Short-Text Matching Baseline: An Attempt at Using Pre-trained Models on Anonymized Data

By 苏剑林 | March 05, 2021

Recently, I decided to join the fun and participate in the "Xiao Bu Assistant Dialogue Short-Text Semantic Matching" track of the Global AI Technology Innovation Competition. The task is a standard short-text sentence pair binary classification task. In this era where various pre-trained Transformers are "running wild," this task doesn't pose much of a special challenge. However, what makes it interesting is that the data for this competition is anonymized—meaning every character has been mapped to a numeric ID, so we cannot access the original text.

Under these circumstances, can we still use pre-trained models like BERT? Certainly, they can be used, but it requires some techniques, and you might need to perform further pre-training. This article shares a baseline that combines classification, pre-training, and semi-supervised learning, which can be applied to anonymized data tasks.

Model Overview

The core idea of the entire model is actually a variant of PET (Pattern-Exploiting Training) introduced in the previous article "Is GPT3 Necessary? No, BERT's MLM Model Can Also Do Few-Shot Learning". It uses an MLM (Masked Language Model) model to accomplish everything, as shown in the diagram below:

Schematic diagram of the model in this article

As can be seen, the entire model is just an MLM model. Specifically, we added two tags, $[YES]$ and $[NO]$, to the vocabulary to represent the similarity between sentences. We use the output vector corresponding to $[CLS]$ to predict the label of the sentence pair ($[YES]$ or $[NO]$). The corpus is constructed by conventionally concatenating sentence pairs, randomly masking some tokens in both sentences, and then predicting those tokens at the corresponding output positions.

In this way, we simultaneously perform the sentence pair classification task (via the prediction results of $[CLS]$) and the MLM pre-training task (for other masked tokens). Moreover, unlabeled samples (such as the test set) can also be thrown in for training, as long as we don't predict the $[CLS]$ for them. Thus, through the MLM model, we integrate classification, pre-training, and semi-supervised learning together.

Reusing BERT

Can BERT still be used with anonymized data? Of course. For BERT, anonymized data only means the Embedding layer is different; the other layers are still very valuable. Therefore, reusing BERT primarily involves re-aligning the Embedding layer through pre-training.

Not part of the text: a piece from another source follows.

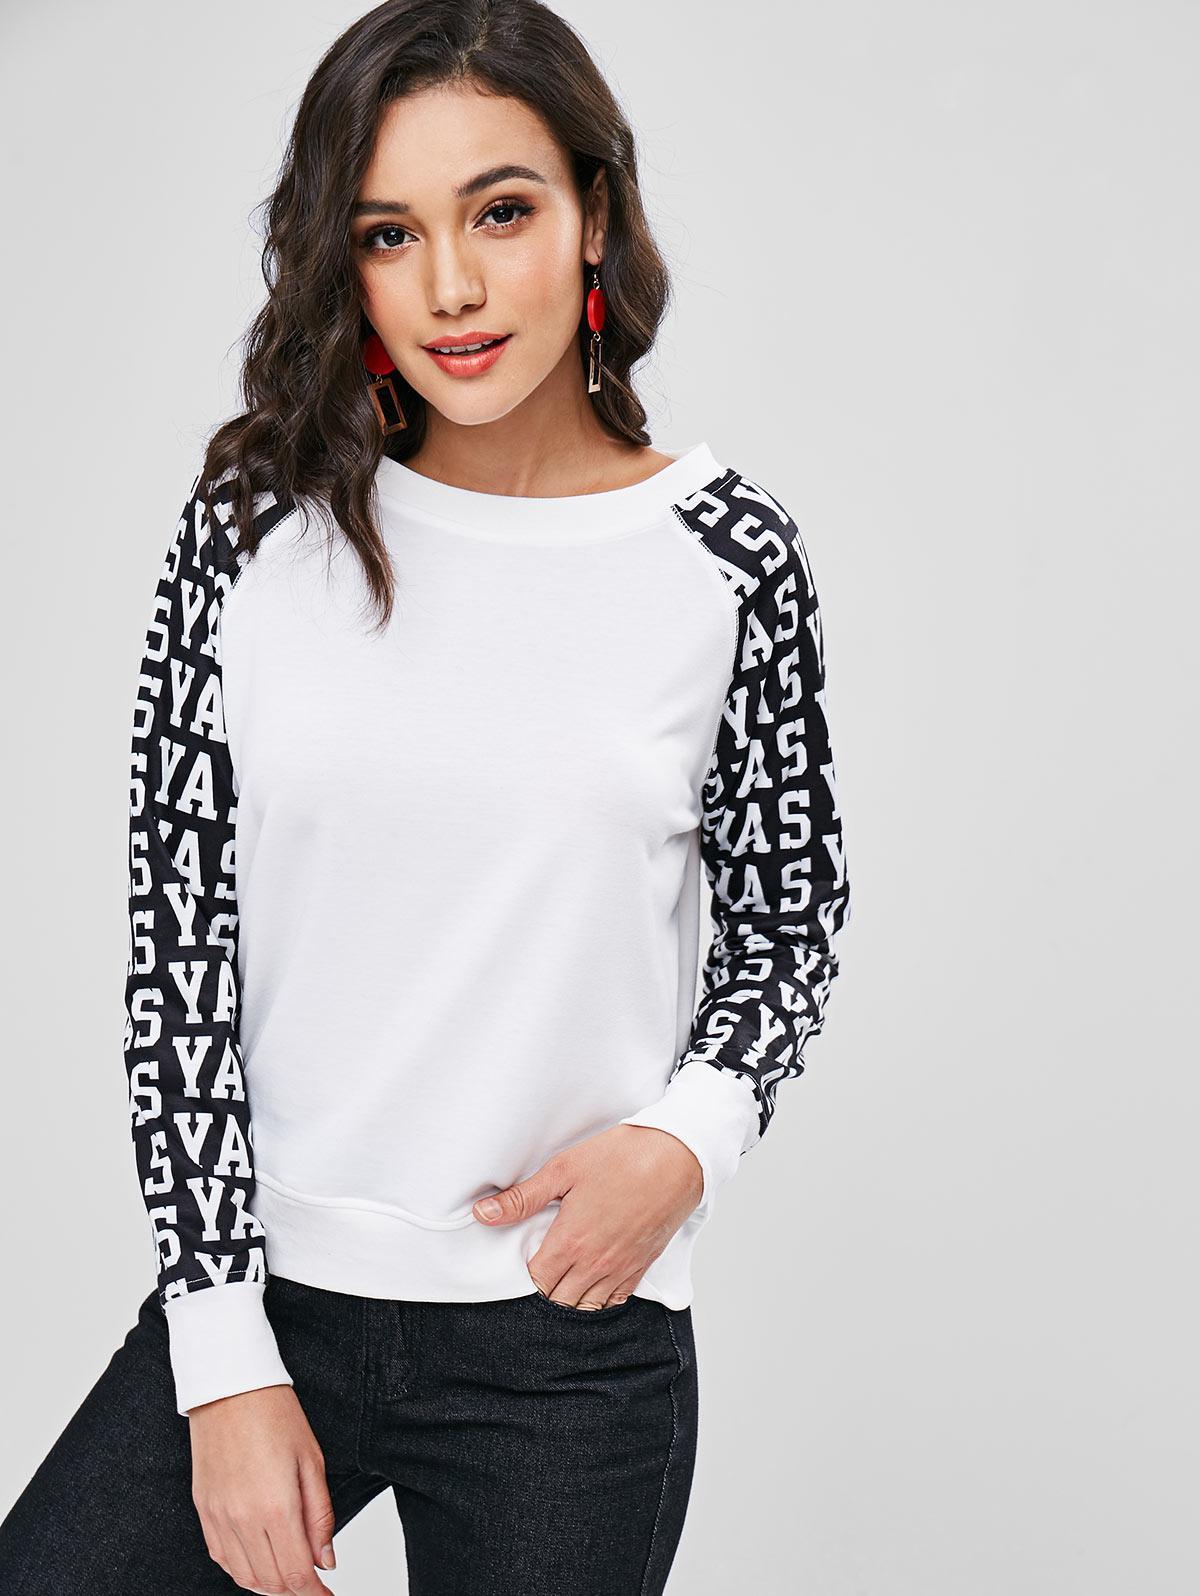 Two Tone Letter Graphic Sweatshirt, White
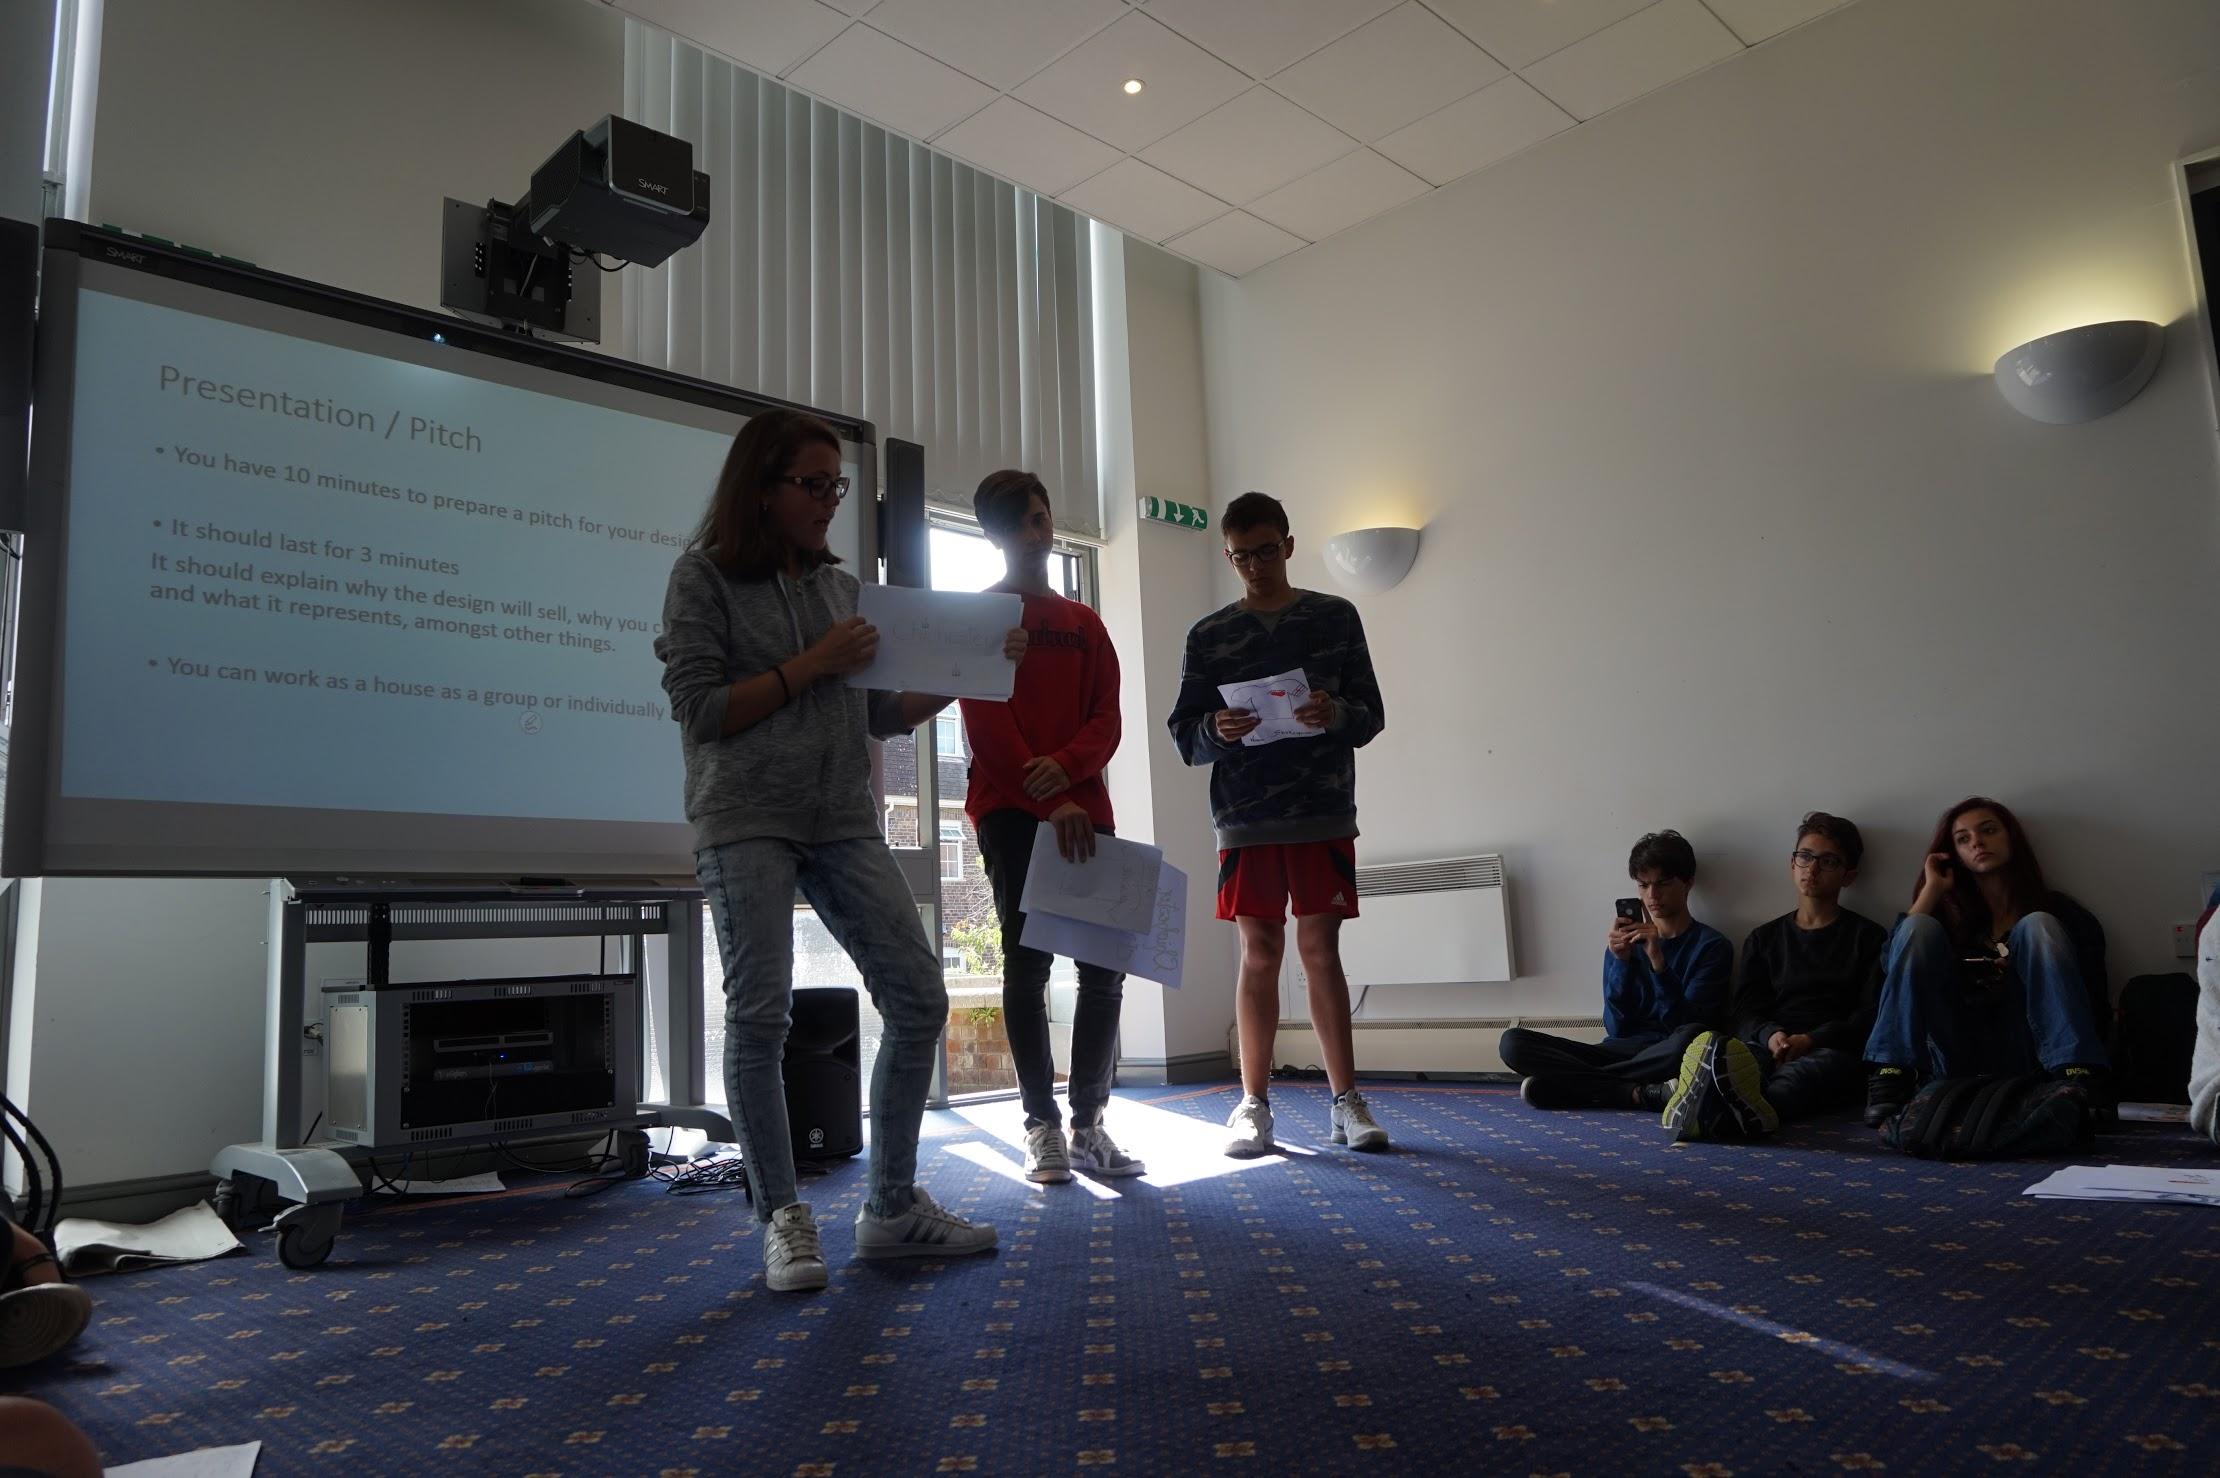 presentation pitch

During this process, initialization is crucial. First, we take out special tokens like $[UNK]$, $[CLS]$, and $[SEP]$ from BERT's Embedding layer; these parts remain unchanged. Then, we separately count the character frequencies of the encrypted (anonymized) data and the plain-text data. Plain-text data refers to any open-source general corpus, not necessarily the actual plain-text corresponding to the encrypted data. Next, we align the plain-text vocabulary with the encrypted vocabulary based on frequency. In this way, we can use the plain-text character to extract the corresponding BERT Embedding as the initialization for the anonymized character.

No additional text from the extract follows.